Zarqawi announced his allegiance to al-Qaeda in October 2004, and on December 27, 2004 bin Laden sent a tape to Doha-based al-Jazeera TV, describing Zarqawi as "the prince of al-Qaeda in Iraq". He called on his followers to listen to Zarqawi and obey his command.

Some claim that Zarqawi is dead, because no signs of him being alive have appeared since early 2004. Other speculation describes Zarqawi as "a myth". This is supported by those who argue that this myth was created from faulty US intelligence reports. Although false, these reports well suited the political agenda of President George W Bush. He needed a new enemy in Iraq to justify his army being there, and with Saddam behind bars since 2003 and bin Laden on the loose since 2001, there was no better enemy than Zarqawi.
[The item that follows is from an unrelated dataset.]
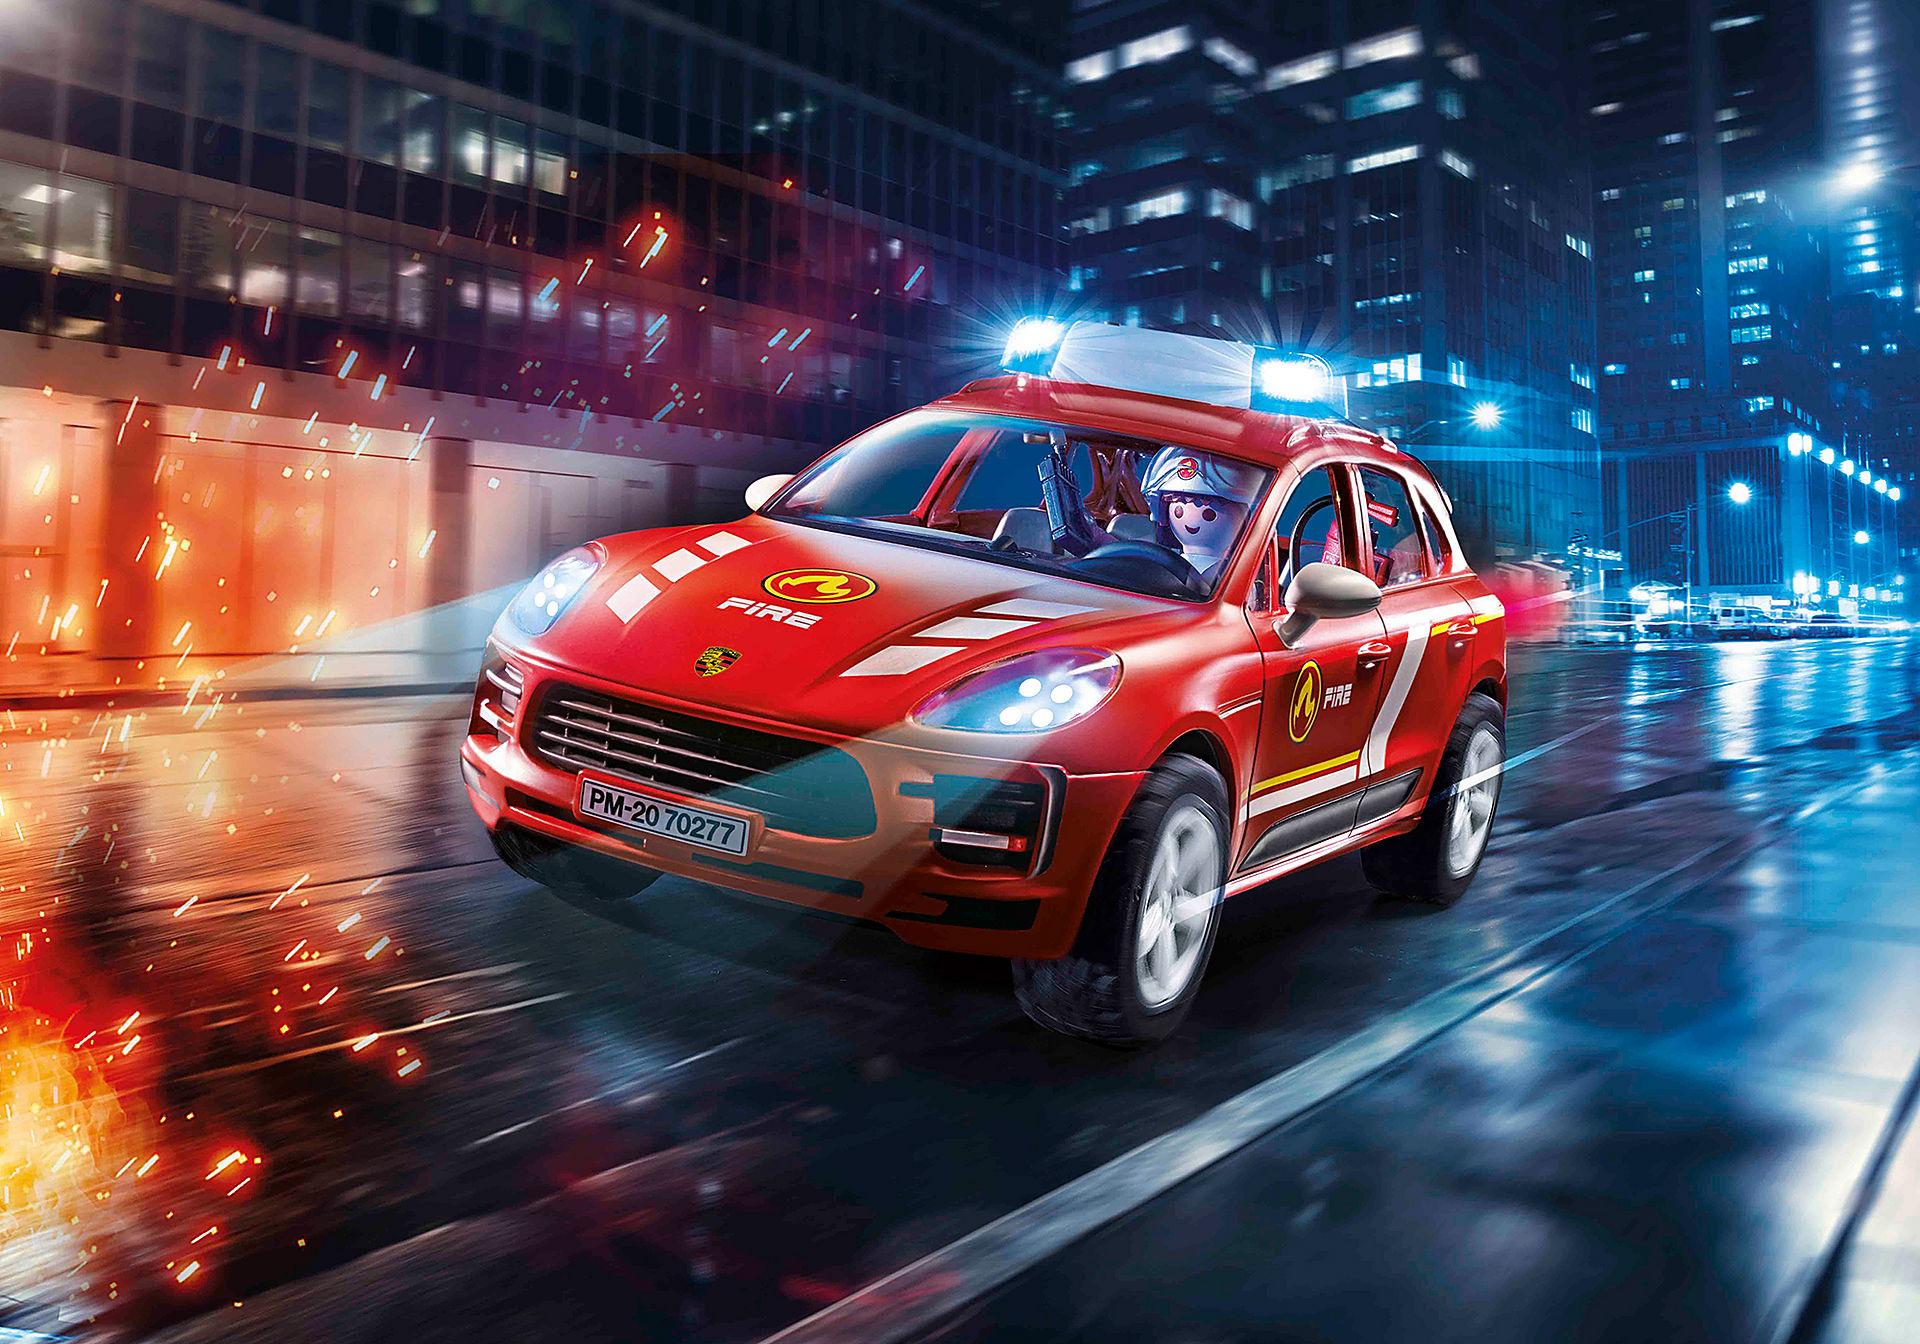 70277 Porsche Macan S Bomberos zoom image1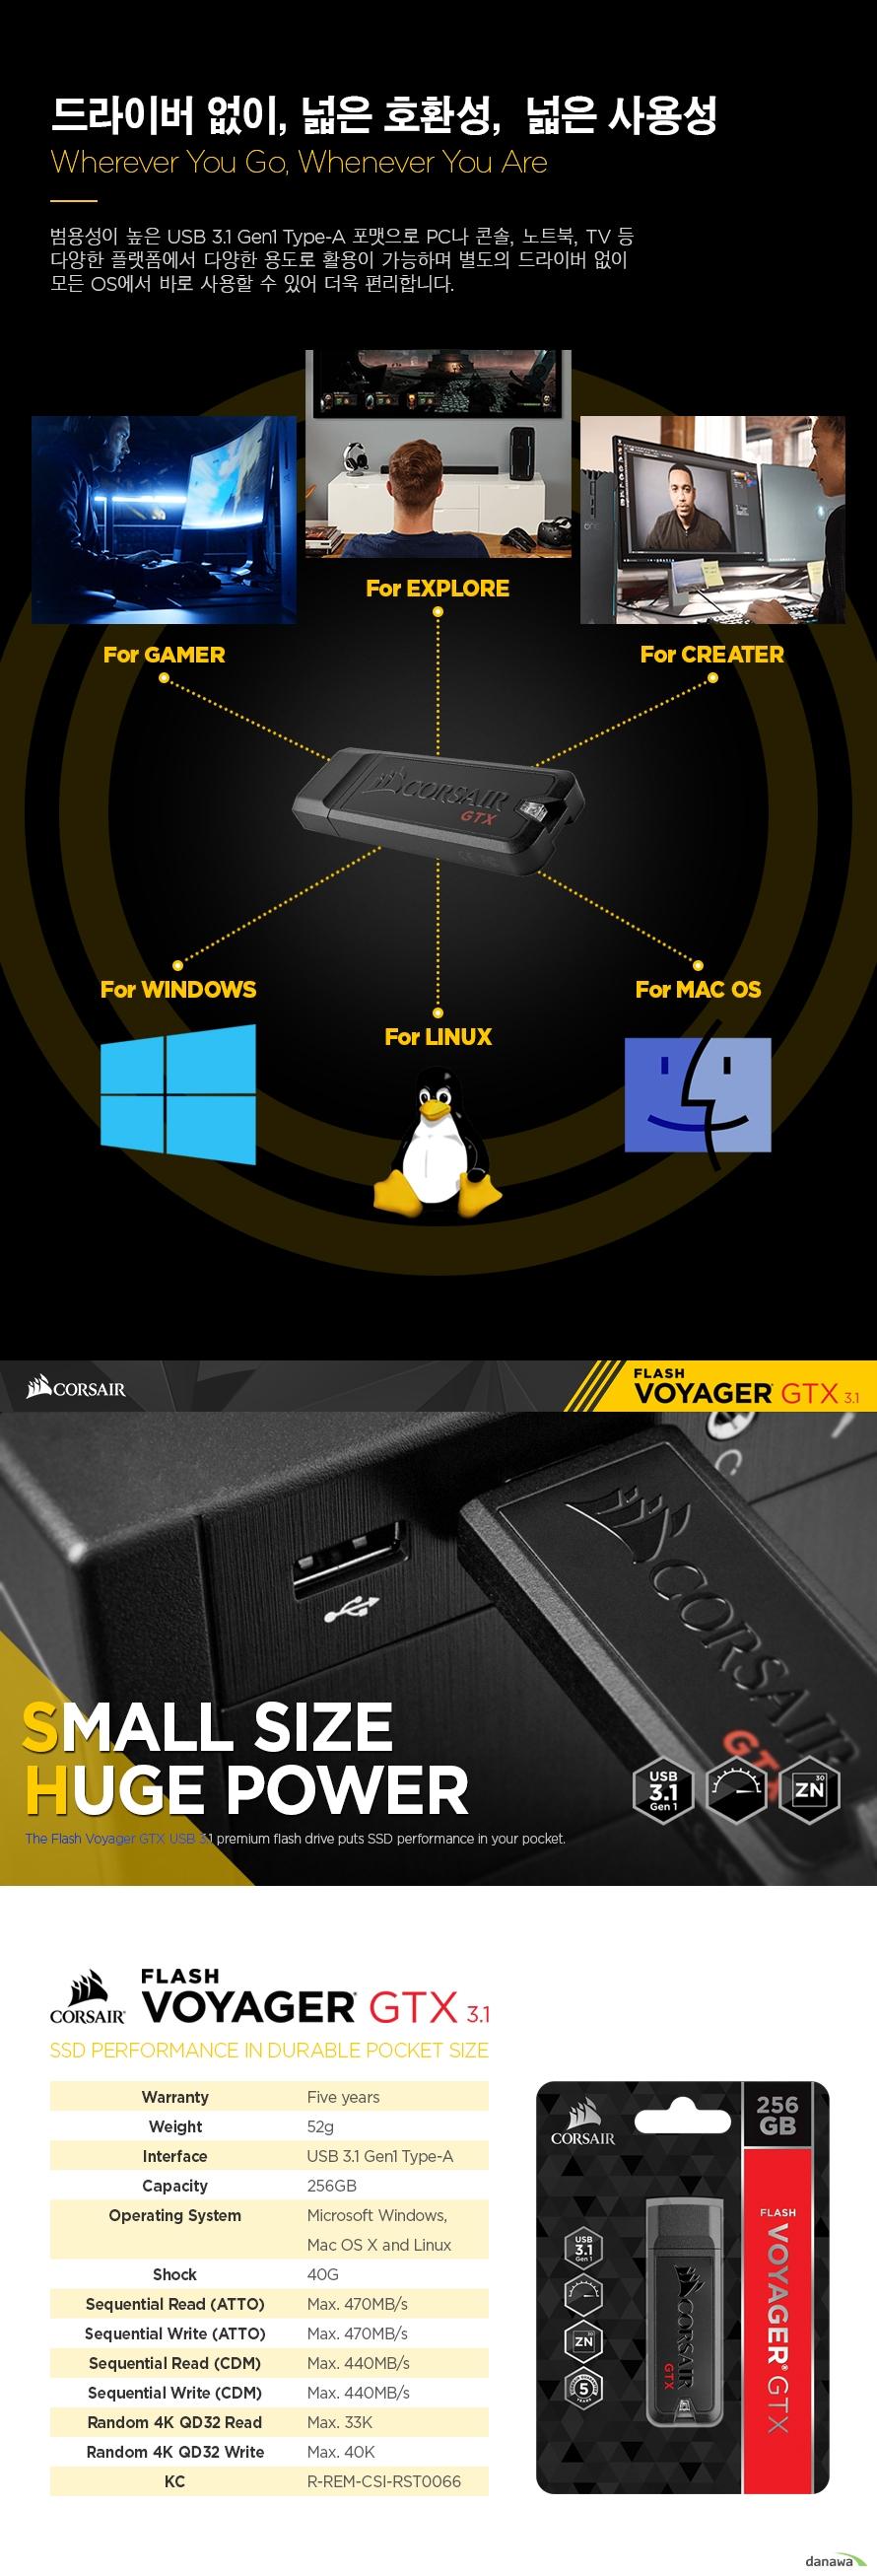 USB 3.1 Gen1 A-type 인터페이스로 다양한 기기에서 별도의 드라이버 없이 편리하게 사용 가능합니다.

It is unlikely that Zarqawi does not exist. It is also strange to believe that he could have been dead for more than a year, since all CIA reports claimed that his death would be a severe blow to the insurgency. Nothing in Iraq shows that the insurgency has suffered a blow over the past 12 months. In fact, it is getting stronger.

If anything, however, the Zarqawi case and the Aqaba bombings show that the terrorist threat is not only based in Iraq and Saudi Arabia, as has been the case since 2003, but in traditionally peaceful and secure countries like Jordan.

This was also made clear earlier this summer when Syria, another country famed for its tight security and effective measures in combating Islamic fundamentalism, suffered several terrorist attacks in the capital Damascus and its vicinity.

Political Islam is on the rise. Whether the seculars and moderates like it or not, in Jordan, Syria or elsewhere, the Islamic movement is still around, and in pure democracies would gain a strong hand in many Arab countries.



Sami Moubayed is a Syrian political analyst.